What physical experiment could be performed to demonstrate that particles are Riemann spheres?

Orientate an Electron such that it's axis (pointing from the point 0 to the point ∞) points in the "up" direction. Then it will not emit a photon in the "down" direction.

Also: particles seen from their northern hemispheres will look different as seen from their southern hemispheres.

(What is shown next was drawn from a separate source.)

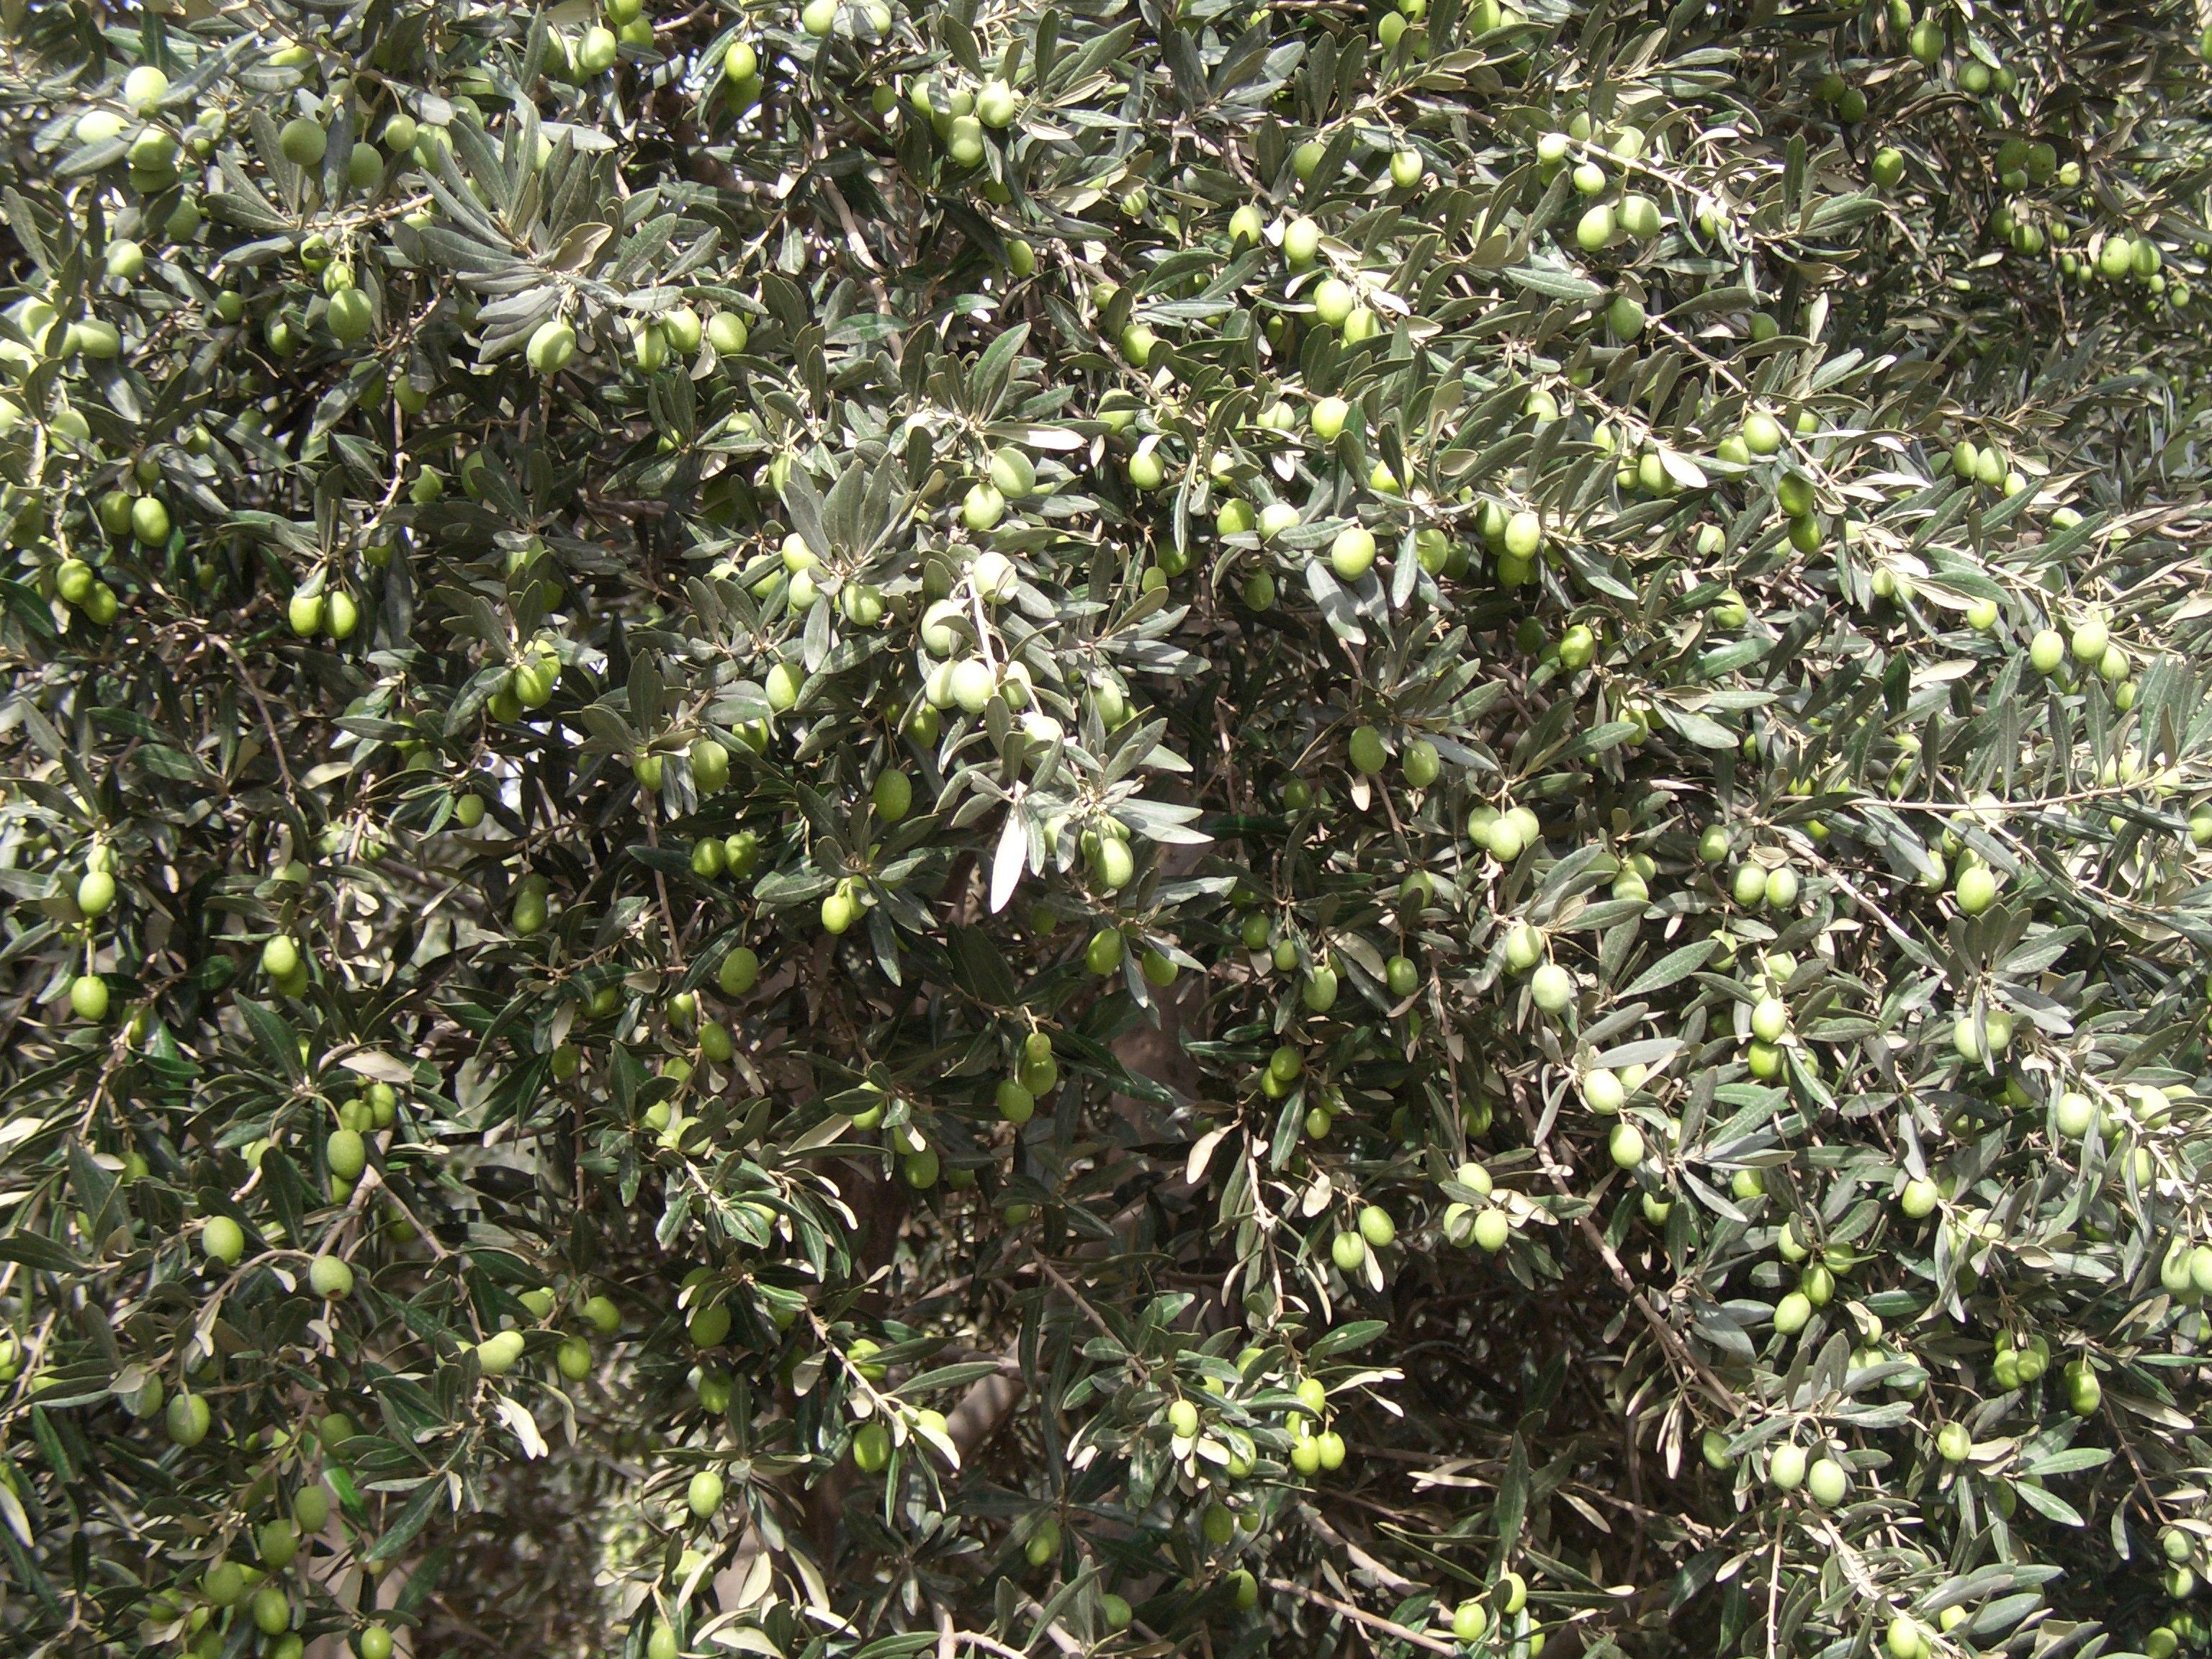 برداشت زیتون از سطح ۹۷۵۰ هکتار باغات قزوین آغاز شد

Wrong. The direction of photon emission when an electron drops from excited state to ground state is random with respect to the electron's spin state, which is the only way of talking about an electron’s axis.  The direction of photon emission is determined in a probabilistic manner by multiple factors including the prevailing magnetic field, of which the nearby nucleus is a major component, and preserving energy momentum conservation over event accumulation.

In addition, electron spin is a matter of angular momentum, in effect spinning clockwise or counterclockwise. It is not a matter of which way a pole is pointing. Electrons with opposing spin values are not ‘upside down’ with respect to each other. They are spinning in opposite directions. To drive that home, the only formulation for spin states that matches measurements is the formalism of angular momentum.  For that to be the case, the clockwise or counterclockwise spin must be with respect to a fixed axis. That is, your hypothetical 0 and ∞ axis must always point in the same direction, negating your argument.

Now explain what differences there may be between the two hemispheres of an electron. Oceans, continents, ice caps? Your insistence that the metrics of a Riemann sphere are those of an ordinary sphere and not the varying metrics of a complex plane mapping argues against any difference.

Also, since the question Kryptid asked is about a physical experiment, how would you determine which photon came from which electron and how to determine the axis orientation of the individual electrons?

So what does “communicated between fields (plural)” mean?

Think of the Feynman diagram of an electron scattering off an electron. What happens is: one electron must tell the electromagnetic field that it wants to scatter of another electron following a path λ, and it must specify its momentum. This must be read off the electron field interacting with spacetime. Then the electron must specify it's expected momentum change. Then the electromagnetic field must compute the virtual photon direction and wavelength and the positions for invoking the creation and annihilation operators, then the virtual photon must communicate the change of direction of momentum to the other electron. Only then can the virtual photon be emitted.

Wow, where do I start?

To begin with, you are using two different meanings of the term ‘field’. Originally you used the term with respect to a particle being a ‘vibration’ in a field, which would imply field theory, a field being a mathematical apparatus for determining the properties at any given point. Now you are using the term to refer to the electromagnetic fields of electrons. Same word, different meanings.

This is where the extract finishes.